Tomb of the Unknown Soldier opens to public for first time in nearly a century
For decades, the Tomb of the Unknown Soldier at Arlington National Cemetery has drawn crowds to honor unidentified service members who died in U.S. wars. But for the first time in nearly a century, the public was briefly allowed to walk on the Tomb of the Unknown Soldier Plaza and place flowers near the memorial.
For two days, some visited in uniform with families in tow, some saluted and others put their hands over their hearts. Visitors placed thousands of flowers as a thank you, and when the pile got too high, service members made room for more.
Darrell Bush, a 96-year-old veteran who served in the Army during World War II, was among those visiting Wednesday.
"I thought one time I would be an unknown," Bush said. "I was one of the lucky ones."
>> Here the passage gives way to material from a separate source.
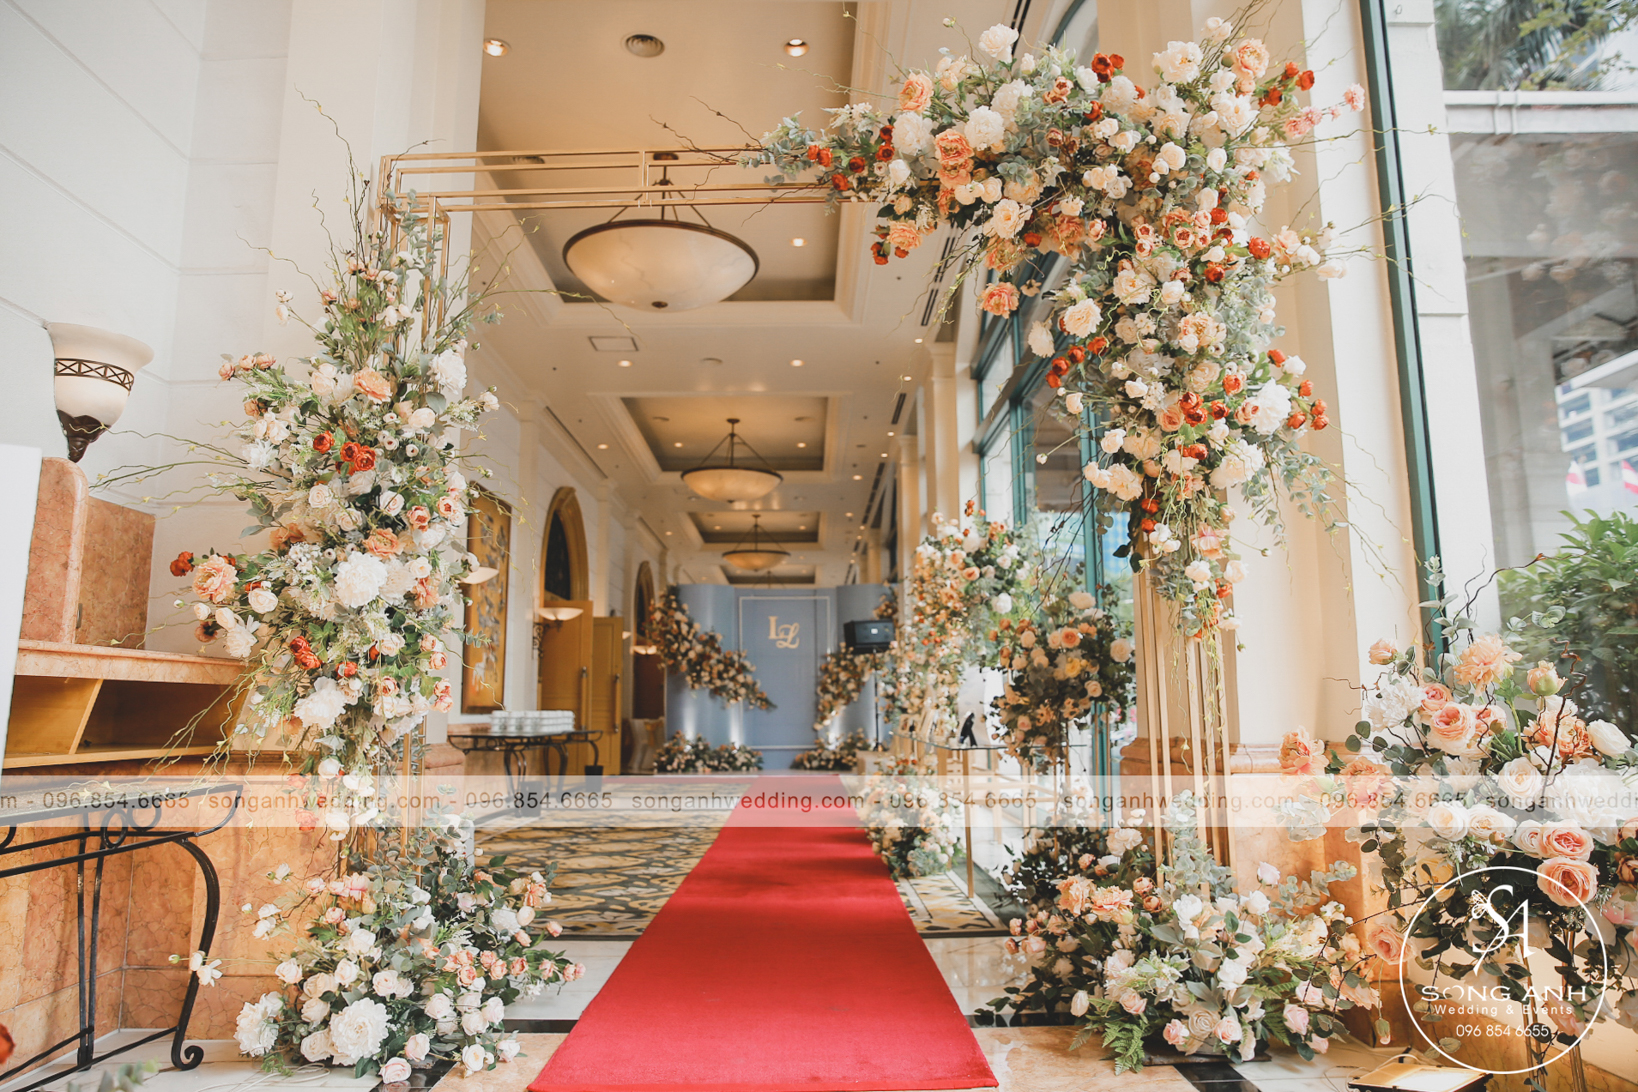 chi phí tổ chức tiệc cưới nhà hàng

He was shot five times during the Battle of the Bulge in 1944. Bush lost his dog tags when he was shot and woke up in the hospital without the identifying necklace. Of 132 in his company, he said about eight or nine of them survived.
"It's an honor," Bush said of laying a flower at the Tomb of the Unknown, adding that the emotion would not "hit me until I get home."
Bush visited the tomb with his wife, Dorothy, who he's been married to for 78 years. "I kept thanking God that he was safe," she says of his time in the service.
When asked how she gives back, she said, "I think you treat other people the way you'd like to be treated. Even a little difference goes a long way."